As cabbie posted, the city gets the fee. As far as getting a pax needing a wheelchair accessible ride, Uber is rolling out UberAccess. I'm guessing any city that puts out a reg requiring equal access for the disabled (like Houston, for example) will get this. Doesn't mean as an UberX driver, you wouldn't get a ping from a disabled person, but that would be the service they would use.


----------



## chi1cabby (May 28, 2014)

And a friendly note to Uber.

Make this happen in every market voluntarily, or it will be shoved down your throat! The disabled are ONE segment of the populace that you don't wanna piss off! They will demonstrate by rolling in their wheelchairs and flinging themselves into a pile in front of your offices (that is if they can find your secret little offices)! Now that won't exactly make for good publicity, will it Nairi Hourdajian?


----------



## Walkersm (Apr 15, 2014)

Mikeydz said:


> Uber is rolling out UberAccess. I'm guessing any city that puts out a reg requiring equal access for the disabled (like Houston, for example) will get this.


But Mike, Uber Access is not accessible vehicles . As far as I could tell it is cursory driver training on interacting with the handicapped. Nice name to make it seem like Uber is doing something but until they sink $20K into a modified vehicle to carry a wheelchair they are not providing accessible services. That is what they are trying to avoid.


----------



## drivingmisscrazy (Aug 12, 2014)

So there is no official policy from Uber on wheelchair riders? And any penalty for cancelling their rides?

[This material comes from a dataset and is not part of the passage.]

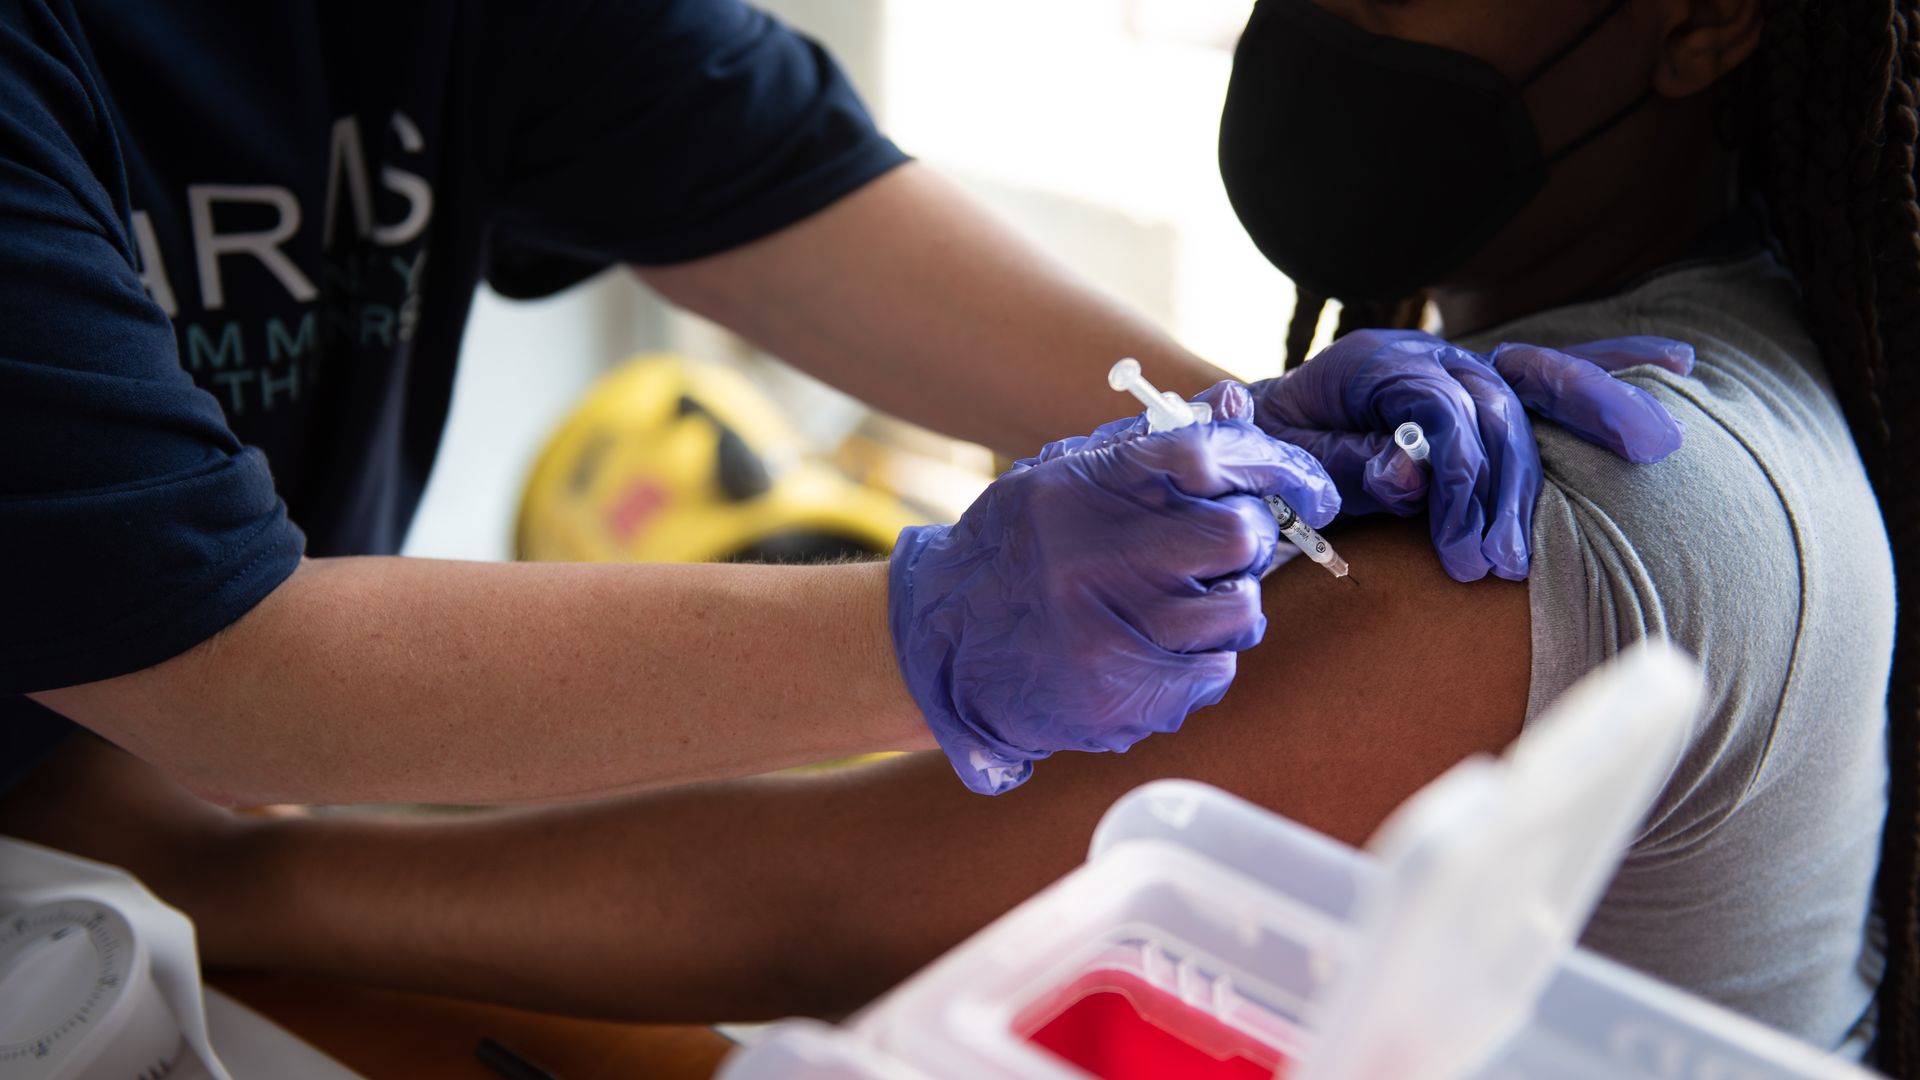 A healthcare worker administers a dose of the Pfizer-BioNTech Covid-19 vaccine during a vaccination event in Birmingham, Alabama, U.S.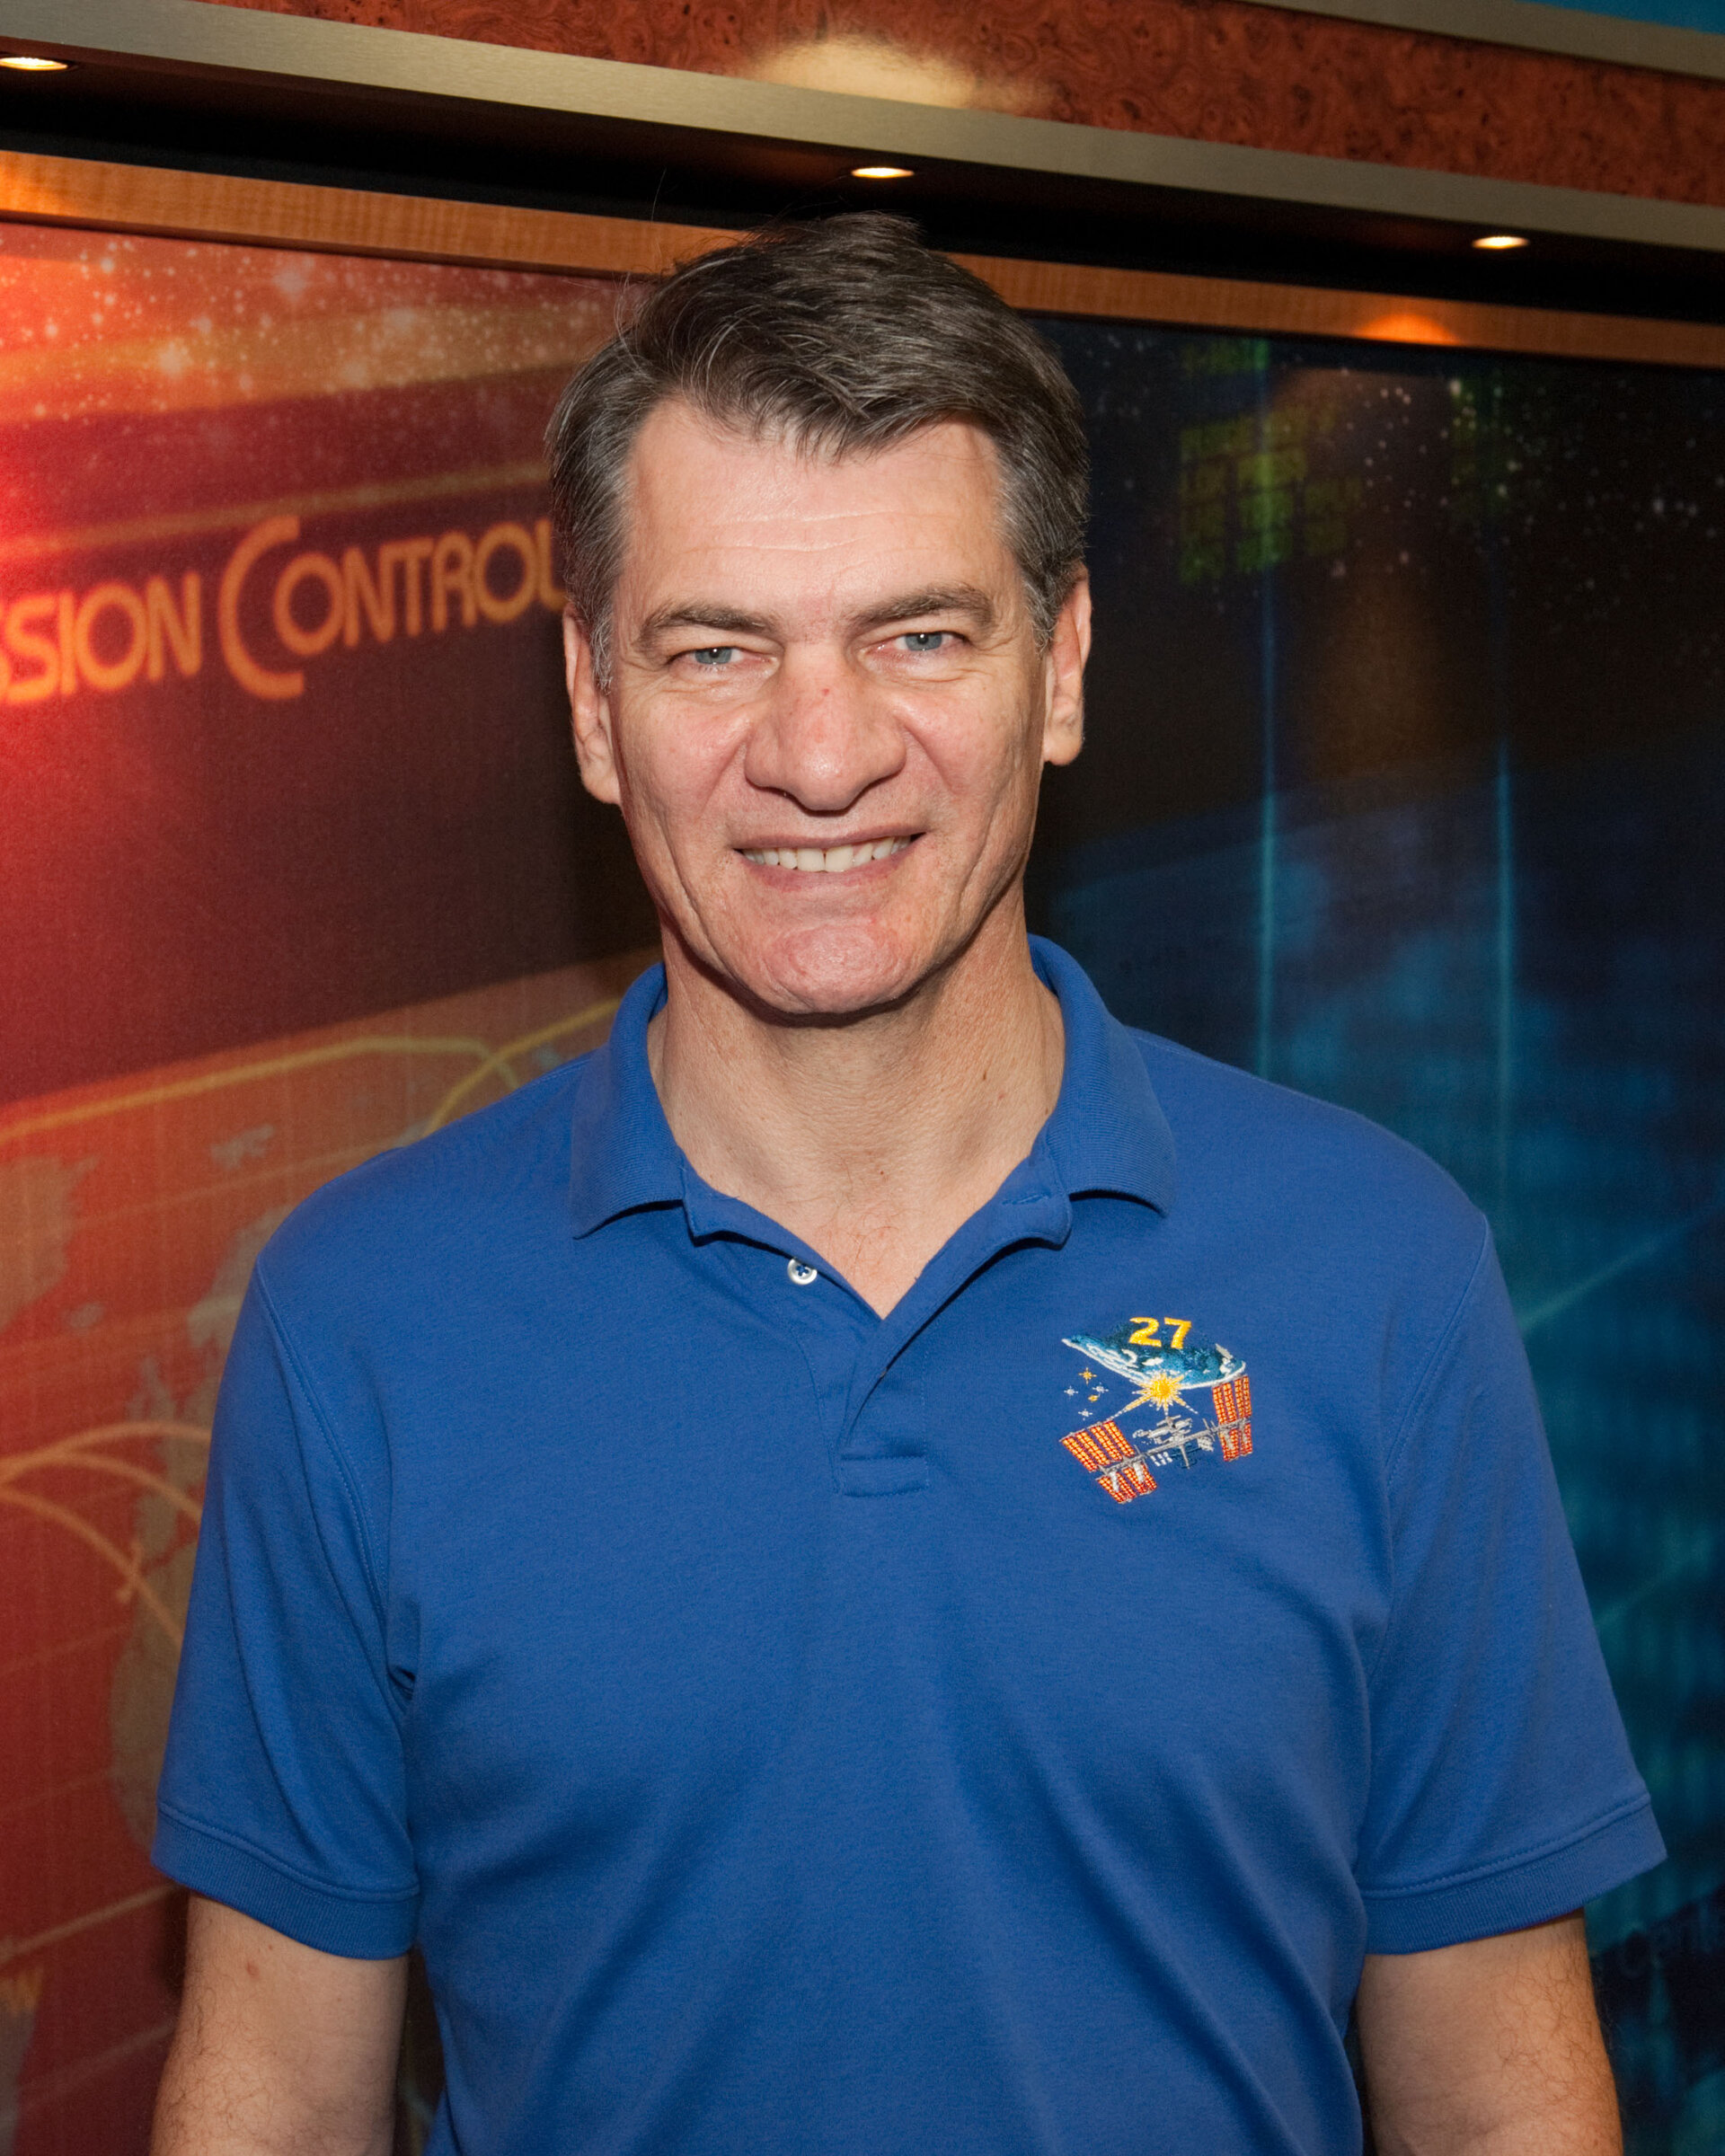 Paolo Nespoli poses for a portrait

I see a HUGE ADA lawsuit coming Ubers way, if there isnt one already.


----------



## Mikeydz (Aug 20, 2014)

Walkersm said:


> But Mike, Uber Access is not accessible vehicles . As far as I could tell it is cursory driver training on interacting with the handicapped. Nice name to make it seem like Uber is doing something but until they sink $20K into a modified vehicle to carry a wheelchair they are not providing accessible services. That is what they are trying to avoid.


True. I think as UberAssist is set up right now, it's more for show than anything else. If you go to pick up someone with a relatively mild disability, UberAccess (or any UberVariant for that matter) should be able to handle it. But if you show up and Stephen Hawking is waiting for a pick up, it would make for an interesting discussion on physics, but being equipped to give him a ride would be out of the question.

Right now, unless Uber does something with no commission, or subsidies to offset the cost of equipping a subset of drivers to be able to handle any disabled passenger that might submit a request, it's gonna be hard for any individual driver to justify the cost of using a vehicle equipped for such a service.


----------



## Guest (Sep 10, 2014)

Mikeydz said:


> True. I think as UberAssist is set up right now, it's more for show than anything else. If you go to pick up someone with a relatively mild disability, UberAccess (or any UberVariant for that matter) should be able to handle it. But if you show up and Stephen Hawking is waiting for a pick up, it would make for an interesting discussion on physics, but being equipped to give him a ride would be out of the question.
> 
> Right now, unless Uber does something with no commission, or subsidies to offset the cost of equipping a subset of drivers to be able to handle any disabled passenger that might submit a request, it's gonna be hard for any individual driver to justify the cost of using a vehicle equipped for such a service.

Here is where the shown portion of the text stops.